▶ WHAT TO PRODUCE:
Copy out the data below from the line containing "MY FATHER MY" to the line containing "#WondersWithoutNumber", both lines included, with all images left out.

▶ RECORDS SHOWN:
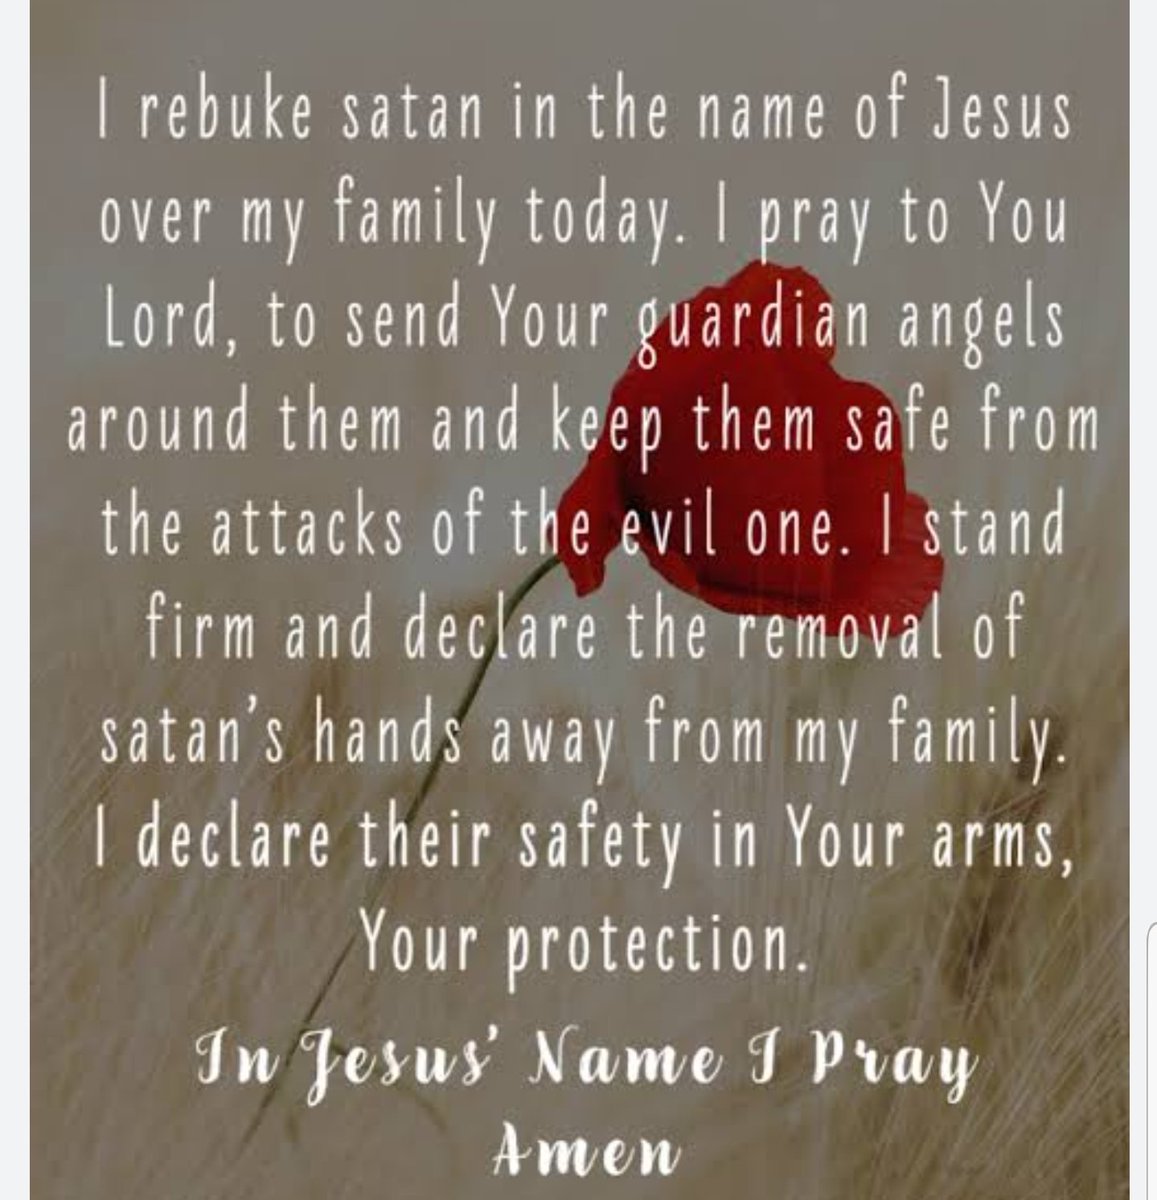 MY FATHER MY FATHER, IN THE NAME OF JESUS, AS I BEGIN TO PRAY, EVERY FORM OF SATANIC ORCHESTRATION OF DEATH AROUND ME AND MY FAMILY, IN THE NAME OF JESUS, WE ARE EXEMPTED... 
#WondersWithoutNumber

---

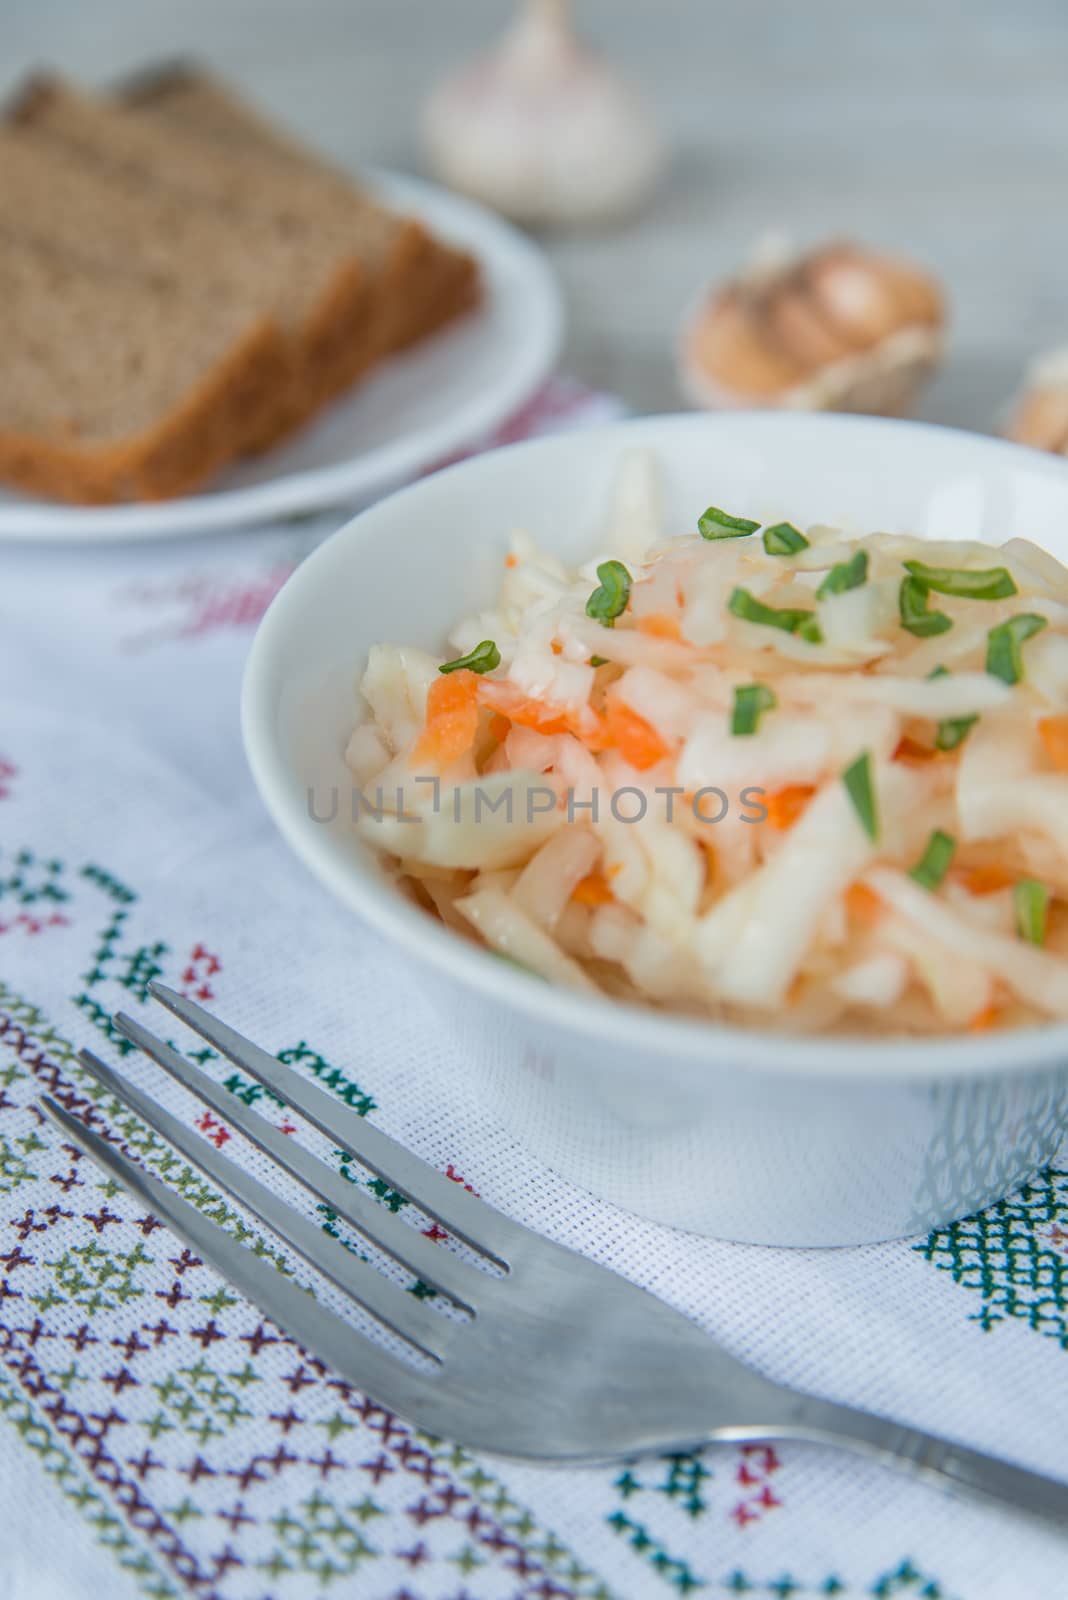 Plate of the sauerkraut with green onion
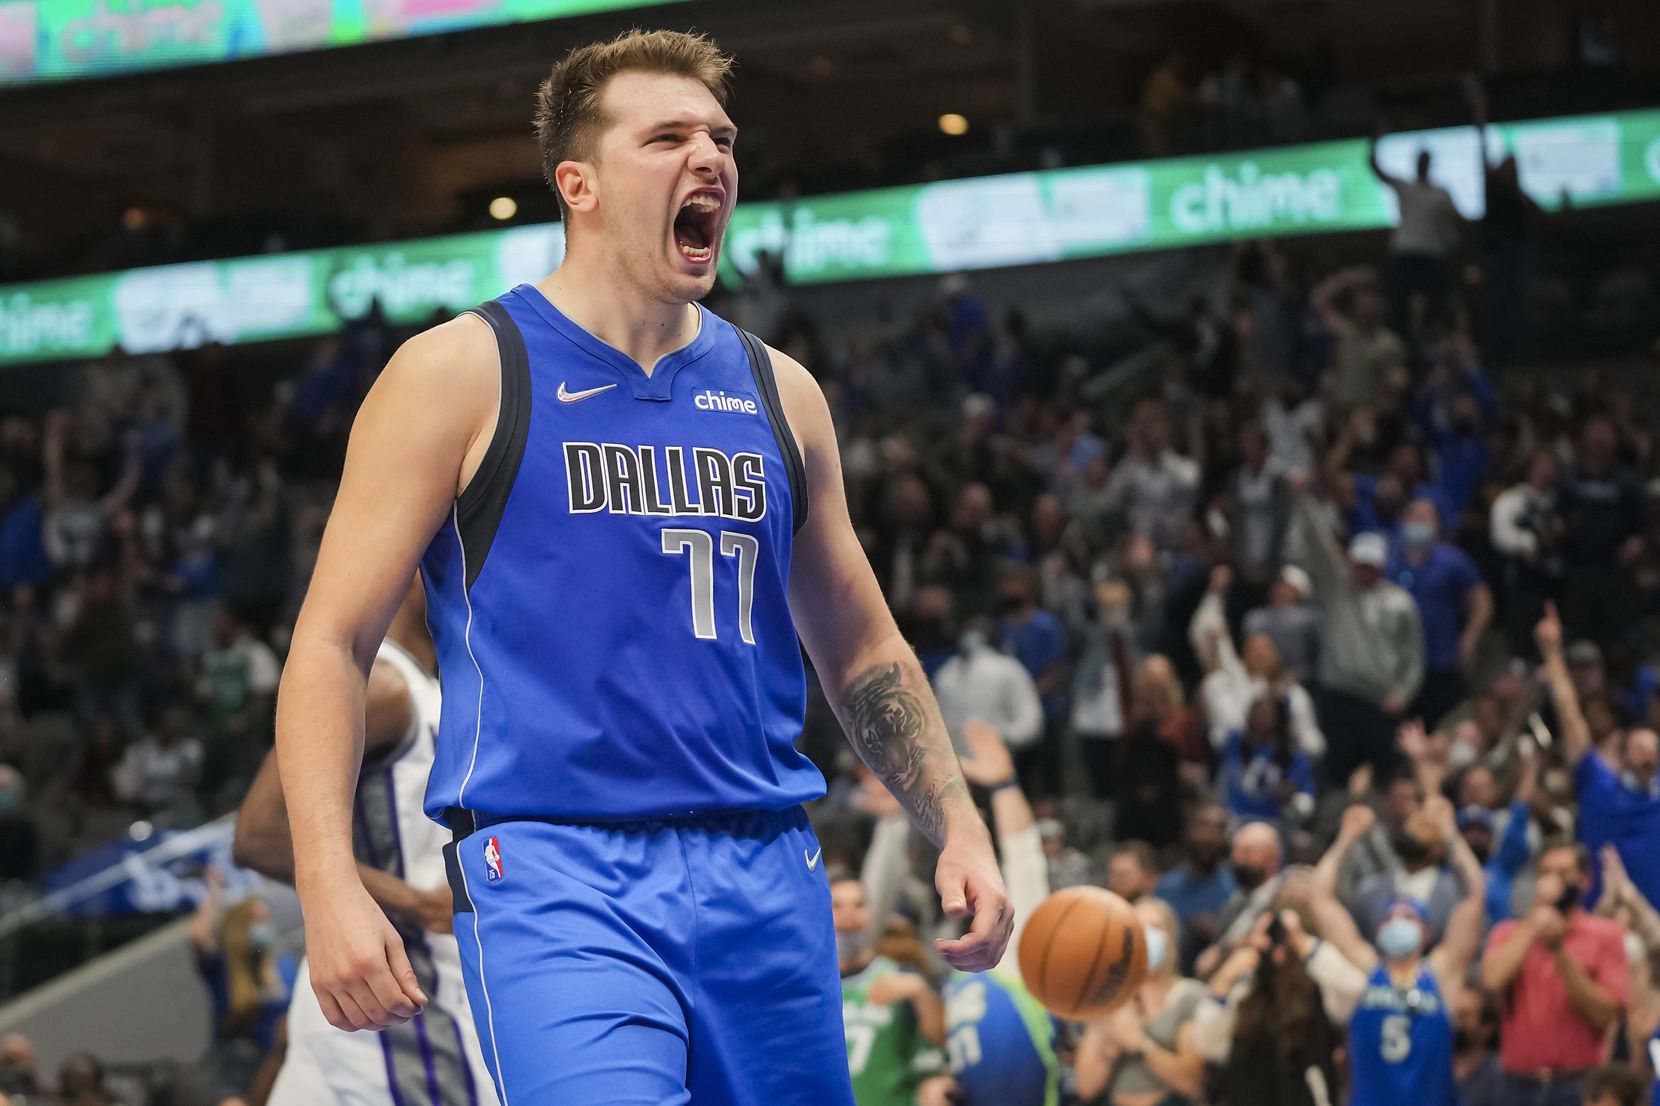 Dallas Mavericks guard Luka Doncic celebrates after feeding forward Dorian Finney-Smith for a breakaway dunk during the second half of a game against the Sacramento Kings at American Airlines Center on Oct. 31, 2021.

▶ EXERCISE ANSWER:
 MY FATHER MY FATHER, IN THE NAME OF JESUS, AS I BEGIN TO PRAY, EVERY FORM OF SATANIC ORCHESTRATION OF DEATH AROUND ME AND MY FAMILY, IN THE NAME OF JESUS, WE ARE EXEMPTED... 
#WondersWithoutNumber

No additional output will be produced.